Defendants’ request for judicial notice submitted with their reply is DENIED. A precondition to judicial notice in either its permissive or mandatory form is that the matter to be noticed be relevant to the material issue before the Court. (Silverado Modjeska Recreation and Park Dist. v. County of Orange (2011) 197 Cal.App.4th 282, 307, citing People v. Shamrock Foods Co. (2000) 24 Cal.4th 415, 422 fn. 2.) As the Court has exercised its discretion to consider Plaintiff’s late-filed (by one day) opposition, the material submitted by Defendants is irrelevant to the Court’s consideration of the MSJ.
The Court notes that Plaintiff submitted objections to various evidence submitted by Defendants. These objections have not been considered as they do not comply with California Rules of Court, rule 3.1354. The Court is only required to rule on evidentiary objections that fully comply with Rule of Court 3.1354. This rule requires the filing of two documents – evidentiary objections and a separate proposed order on the objections – and both must be in one of the two approved formats specifically described in the Rule. (See Vineyard Spring Estates v. Super. Ct. (2004) 120 Cal.App.4th 633, 642 [trial courts only have duty to rule on evidentiary objections presented in proper format]; Hodjat v. State Farm Mutual Automobile Ins.

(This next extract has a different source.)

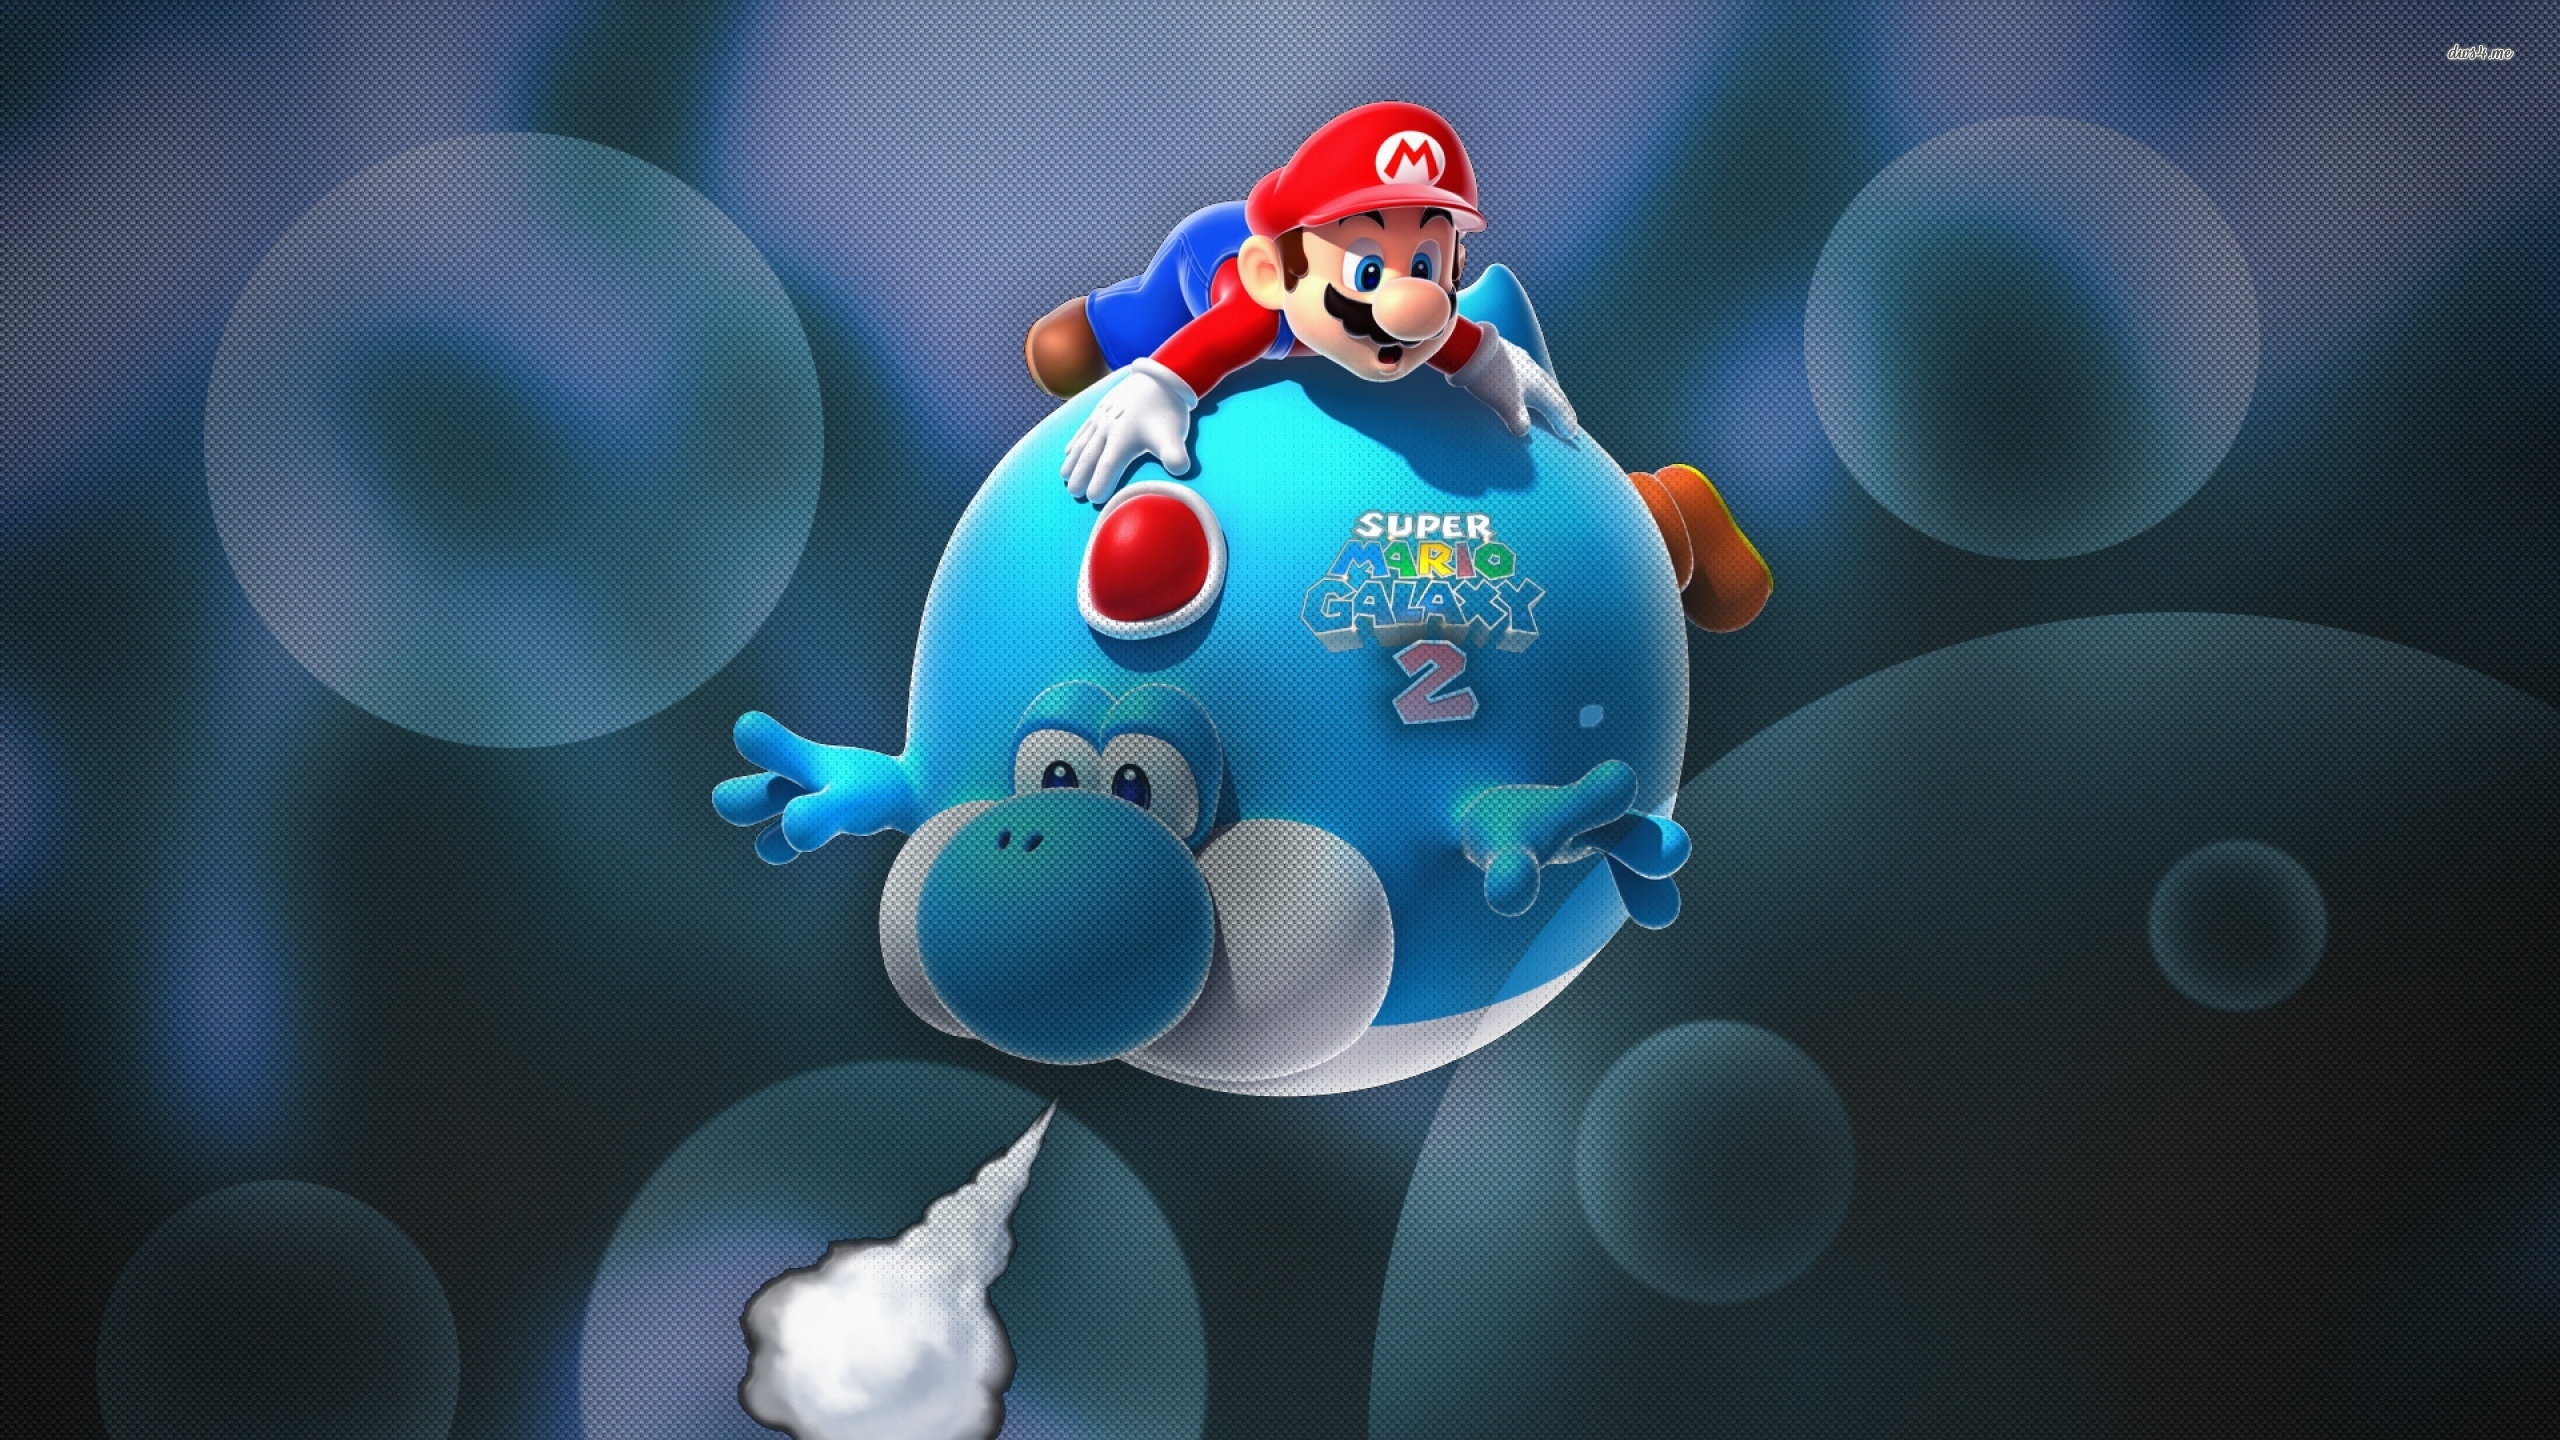 Wallpaper Kartun - Super Mario Galaxy 2 Yoshi Power Ups , HD Wallpaper & Backgrounds

Co. (2012) 211 Cal.App.4th 1 [trial court not required to rule on objections that do not comply with Rule of Court 3.1354 and not required to give objecting party a second chance at filing properly formatted papers].) Further, under §437c(q), the court need only rule on objections that it deems material to the disposition of the motion, and those not ruled on are preserved for review.